For those who don't want to write scripts, you can do an interactive qsub with the -I switch. In this case you'd need to give the queue on the commandline, for example

    qsub -I -q l2
    
This opens a session on the node assigned to the job. It looks like a remote login session, except that the initialisation isn't exactly the same. You can then run commands interactively on your assigned node until your walltime runs out. If you submit to a queue which assigns you multiple nodes you can examine the contents of the PBS nodefile ($PBS_NODEFILE) to see which other nodes you may use. It is generally much better to script jobs than to run interactively, as they can be restarted automatically if the node fails, and it doesn't matter if there isn't a node free exactly when you need one.

Other useful commands

Both Maui and PBS come with a whole suite of commands. PBS commands generally start with 'q' and are used for things like querying the queue setup and manipulating jobs in the queue. Maui commands have no common naming scheme. They tend to be for displaying information about when jobs will start or end.

qdel, qhold, and qrls will delete, hold, and release a job respectively. qalter will let you change certain parameters of a queued or running job. To find other PBS or Torque commands, do 'man -k pbs'. Other Maui commands are 'showbf', 'showres', and 'diagnose'. Maui does not come with man pages; the available ones on the system have been created from the online HTML documentation so errors and omissions are the fault of cen1001 and not the Maui authors. The online docs are at http://www.supercluster.org/documentation/.

Parallel jobs

Some of the clusters (Rama, Athens, Nimbus, Clust) have parallel queues. There are example submit scripts in the /info/pbs directory on those machines for the different libraries they support. The only generalization I can make here is that starting your job with mpirun inside your job script probably won't do what you want! Please read the documentation at http://www-theor.ch.cam.ac.uk/IT/servers/ for the machine, which should cover it.

Scheduling policy

The scheduling policy on the machines is roughly FIFO but with some extra Maui rules to make it fairer. Three features are used: the ability to make reservations for queued jobs, the throttling rules, and the flexible priority system.
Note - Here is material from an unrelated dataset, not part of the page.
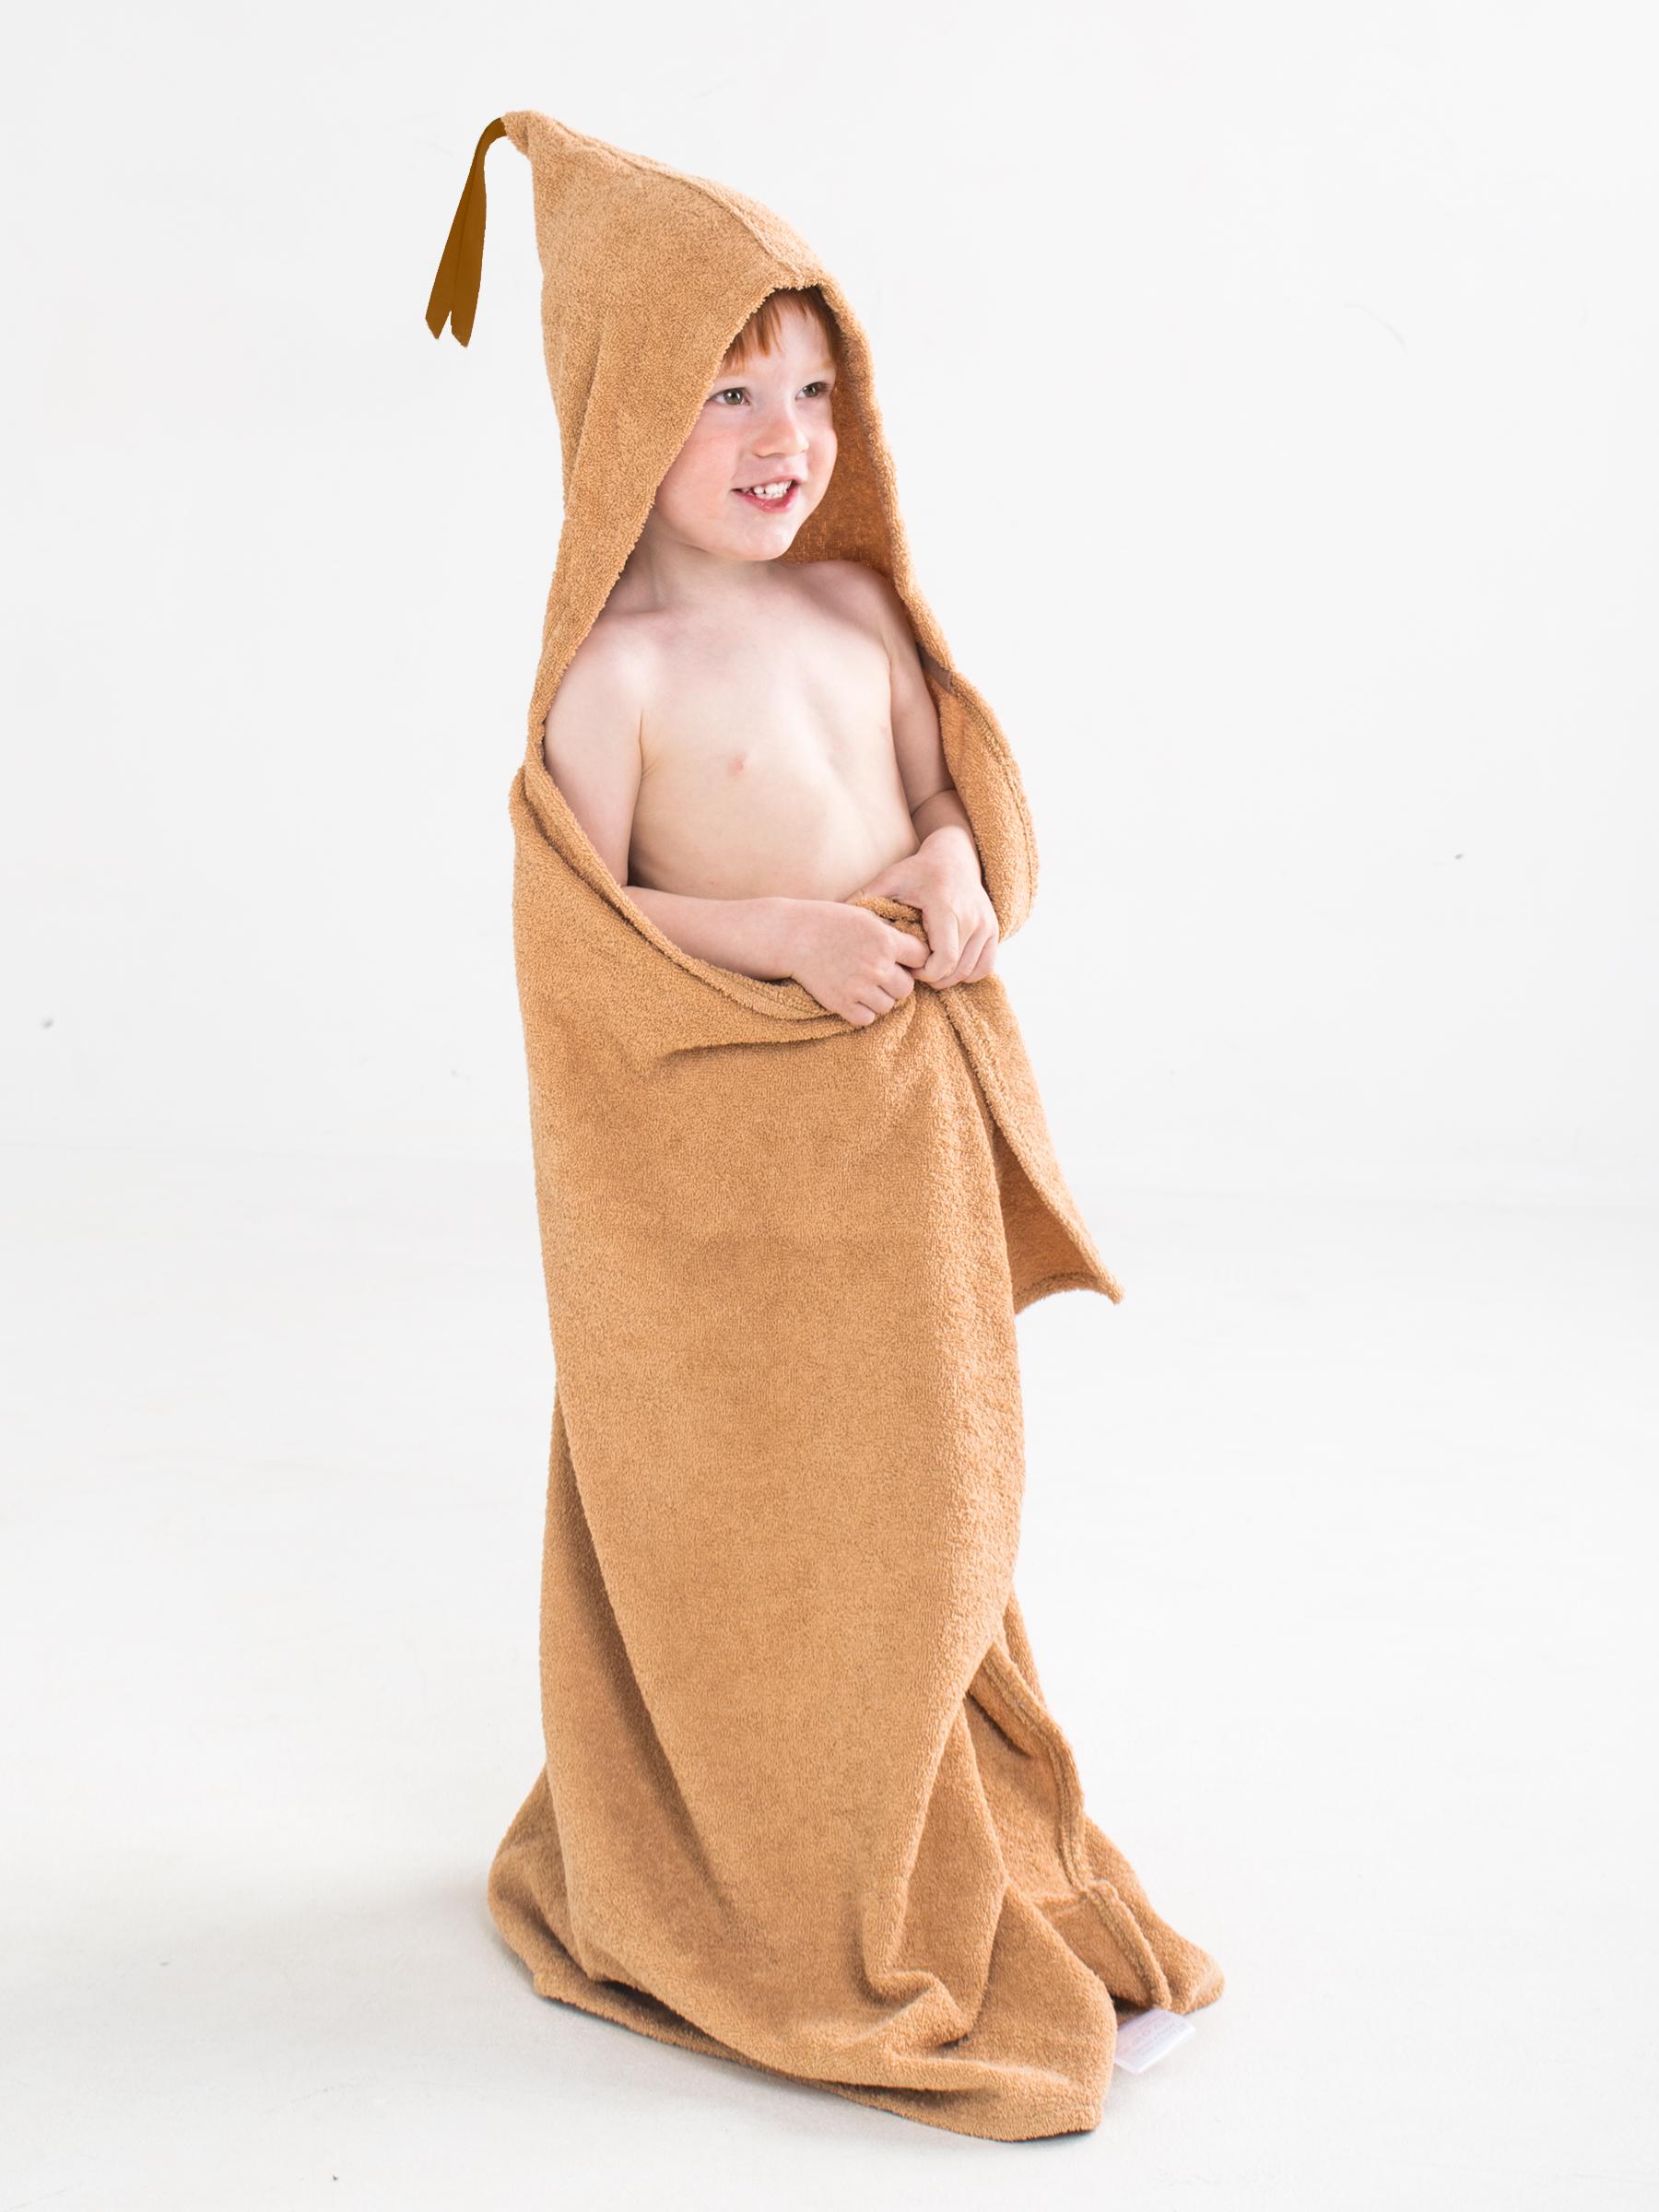 Полотенце детское BabyBunny Полотенце с капюшоном - Бежевое, M, бежевый imsevimse полотенце с капюшоном cова

The queue is first sorted on priority. The priority is made up of several weighted components: time on the queue (subject to throttling- see below), fairshare value, and job expansion factor. The scheduler then starts at the top of the queue and starts jobs until it reaches one that cannot run yet because there are not enough free nodes. The top one or two remaining queued jobs then have reservations made for them; this means that the scheduler works out the earliest those jobs can definitely start and will not schedule anything that could possibly delay them. Finally the scheduler looks further down the queue and tries to backfill lower priority jobs around the reservations.

Throttling solves the problem of a large batch of jobs from one user crowding everyone else out. It limits the number of jobs that any user may have being queued at any time to four. Excess jobs are placed in the Blocked state and won't be released until one of the user's four queued jobs has started. While a job is blocked its time on the queue is counted as zero, so it gets no priority gain from waiting in a blocked state. There are also per-user running job limits on some job types- see later.

Fairshare value contributes to priority. It is a measure of how much CPU time a user has had lately. If they are over the configured value then their priority decreases relative to other users, and if they are under then it increases.

The job expansion factor also counts towards priority, and helps short jobs when the machine is full. It is calculated as (1 + time on the queue / wall clock limit for job). This factor increases much more rapidly for short jobs than long jobs. Note that if a job gets blocked by the throttling rule then time spent blocked doesn't count towards the total time on the queue.

Finally some queues have per-user job number limits on them. If you find your jobs go into the Blocked state for no reason, use diagnose -q to see what is going on. It is probably a per-user job limit on the job class.